Abstract

The eighth issue of Conversations is open-themed. Nonetheless, the articles gathered here coalesce around issues of feeling it. This is perhaps not altogether anomalous as all good writing is in some capacity a matter of feeling. But beginning with Andrew Norris, we are invited to consider how Cavell’s moods inflect not simply his writing, but from there, his world and possibly the world. Managing to maintain attachments to professional philosophy after explicitly describing the world in a mooded way is perhaps amongst Cavell’s notable (even Heideggarian) achievements.
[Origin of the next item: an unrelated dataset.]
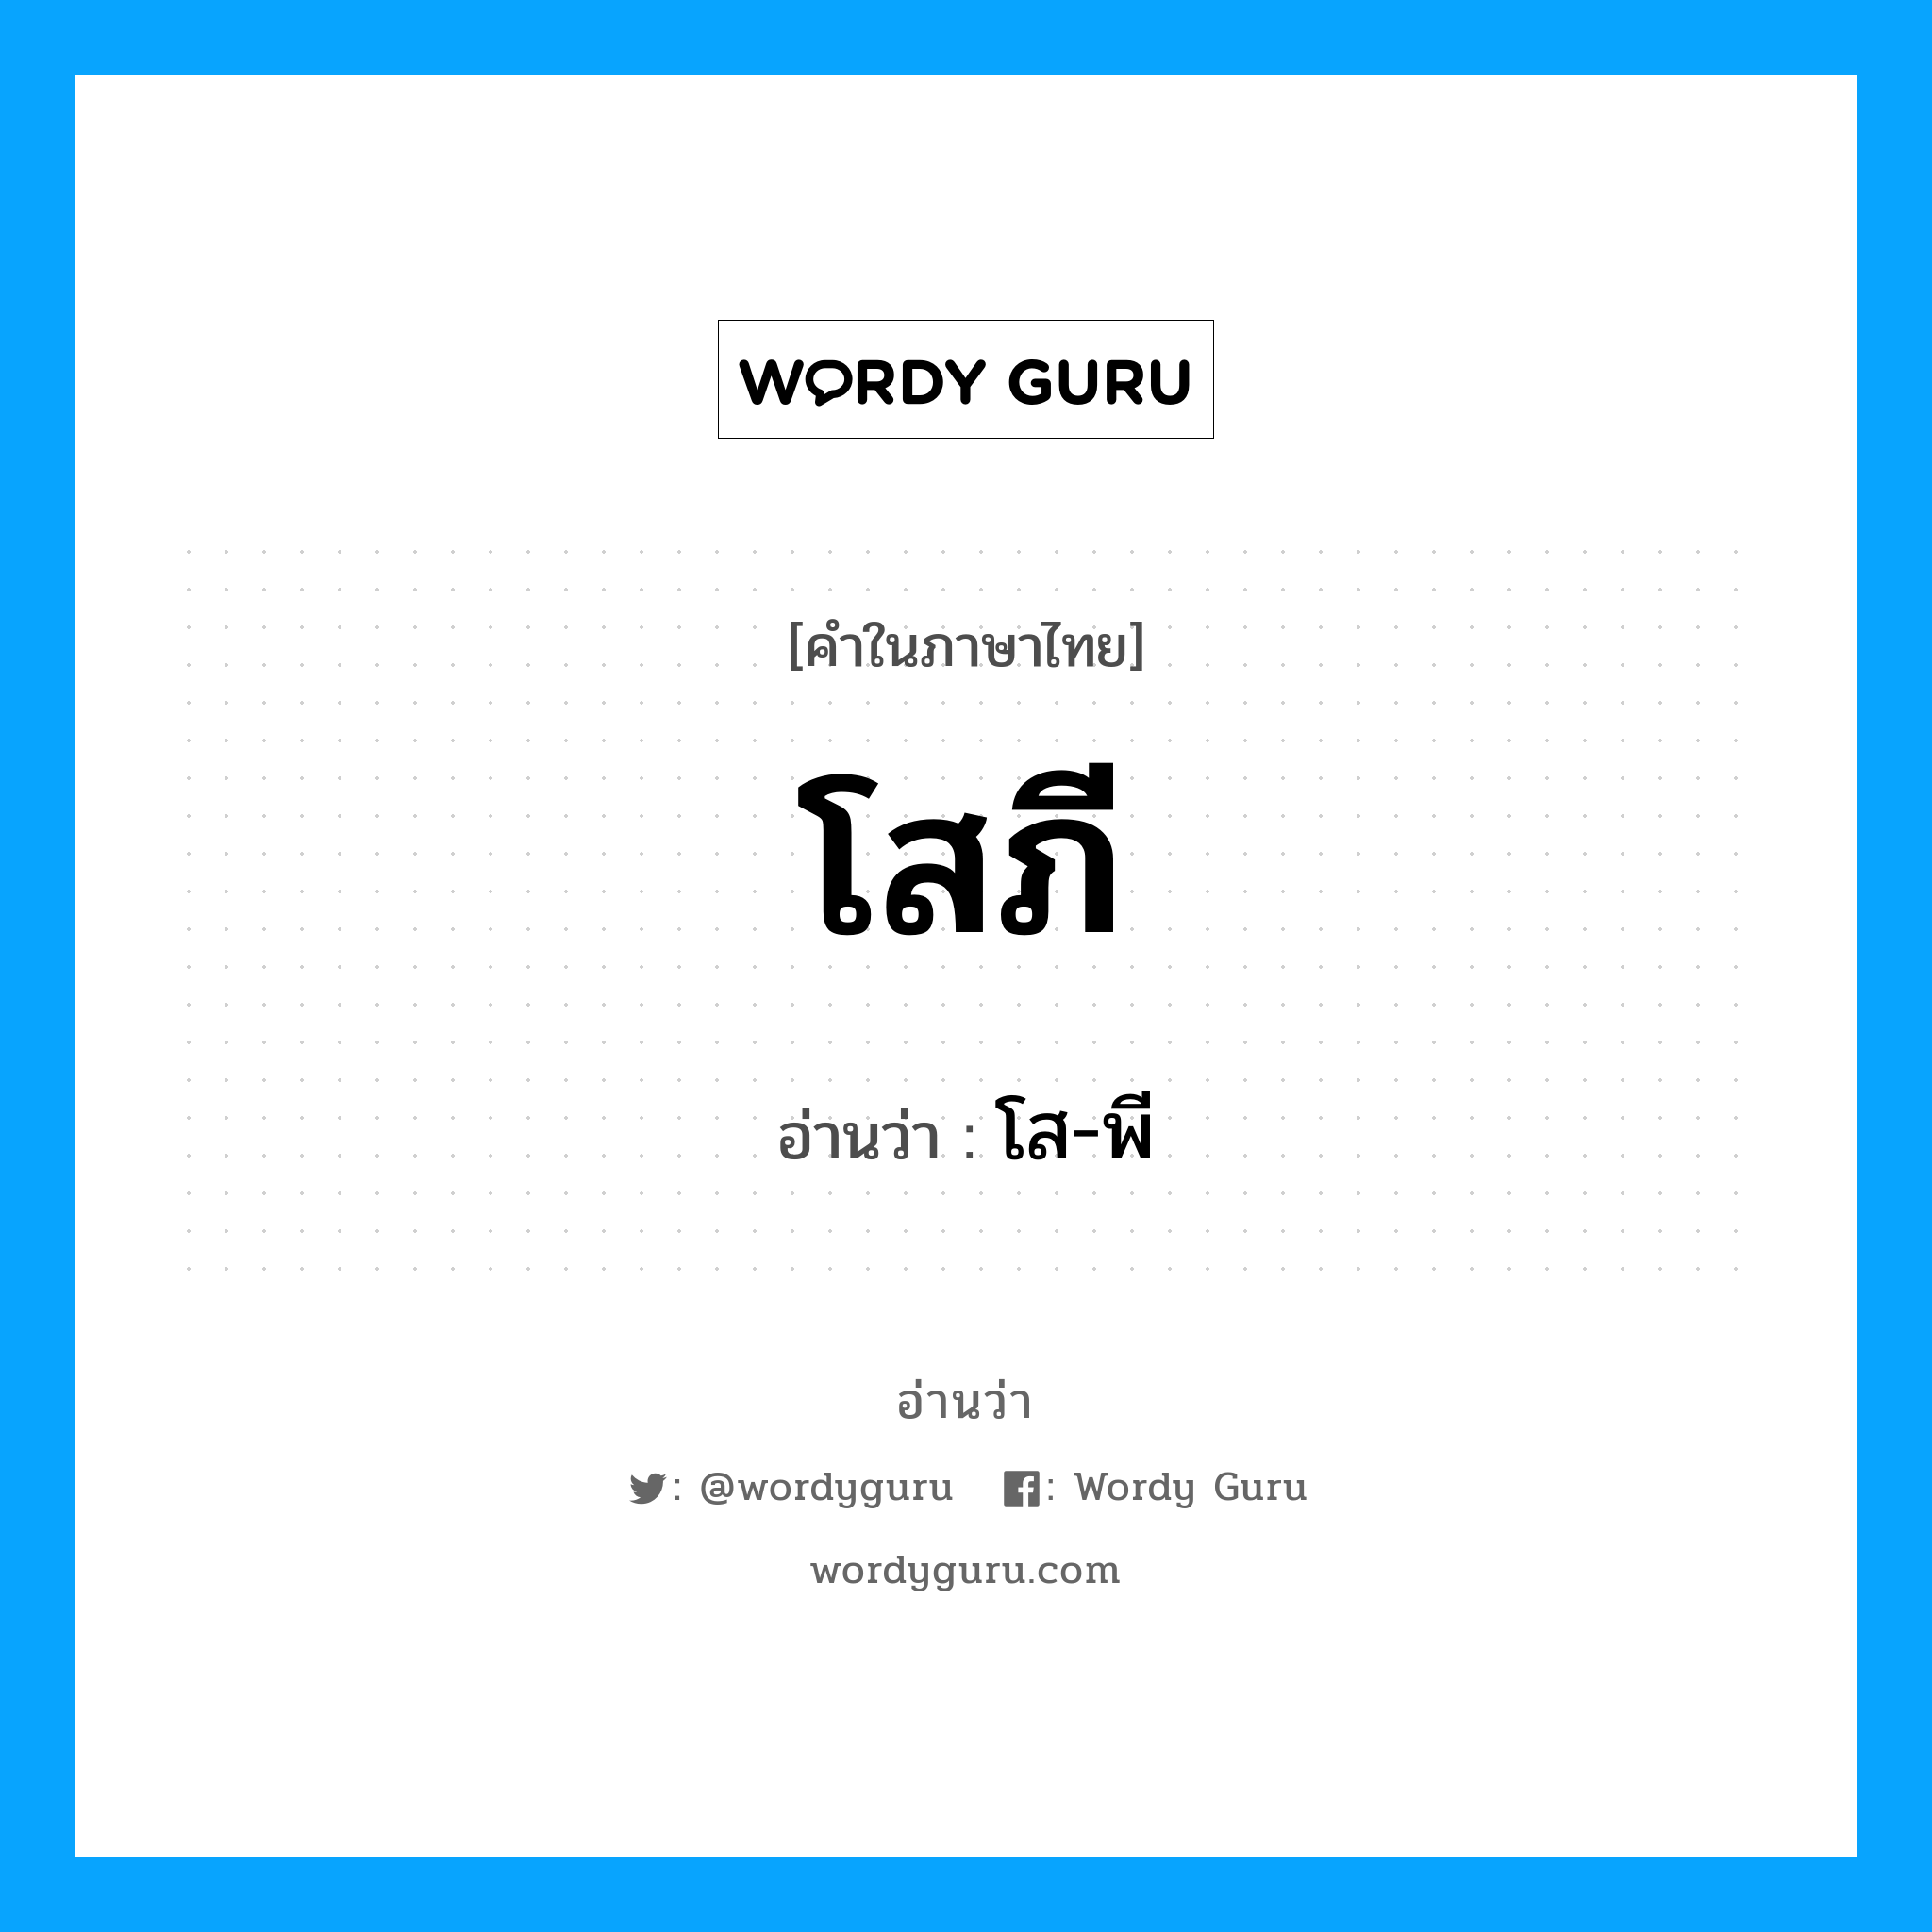 โส-พี เป็นคำอ่านของคำไหน?, คำในภาษาไทย โส-พี อ่านว่า โสภี

Next, Brad Tabas reminds us that our place in the universe costs money, is expensive—and that philosophy requires coming to terms with a mood of cannibalism that accompanies the stark realization and possibility that my voice or mood negates another’s. Philosophy or thinking or what have you quite possibly eats itself. Michael McCreary notes a similar mood of failed catharsis in Dostoevsky’s Underground Man and by so doing, provides a sorely needed Cavellian commentary on the possibility of failed expression, of what happens when the costs of mooding the world results not in ordinary transcendence, but extraordinary rage. Charles Djordjevic looks to what one might perhaps term a Cavellian sense of “play” to deal with extraordinary railings. The move to take language on holiday, that is, is not indicative necessarily of Wittgensteinian error but perhaps a type of philosophical therapy afforded to human beings by virtue of (a Kierkegaardian) faith. Lucas Thompson more subtly exposes the lack of faith in contemporary treatment of Cavell’s philosophical work on film, exposing the naïve belief that takes Cavell to be naïve for not engaging forcefully enough in “ideology critique”; not only does Thompson champion Cavell’s genre of remarriage comedies in rebuttal, but he ably adds another film to the mix. Lastly, a welcome and spirited addendum concludes the issue in dialogic exchange. Two recently published Cavellian authors, Rex Butler and Catherine Wheatley, discuss how Cavell might be better integrated into a wider, more contentious, and certainly more mooded, world of gender and identity politics.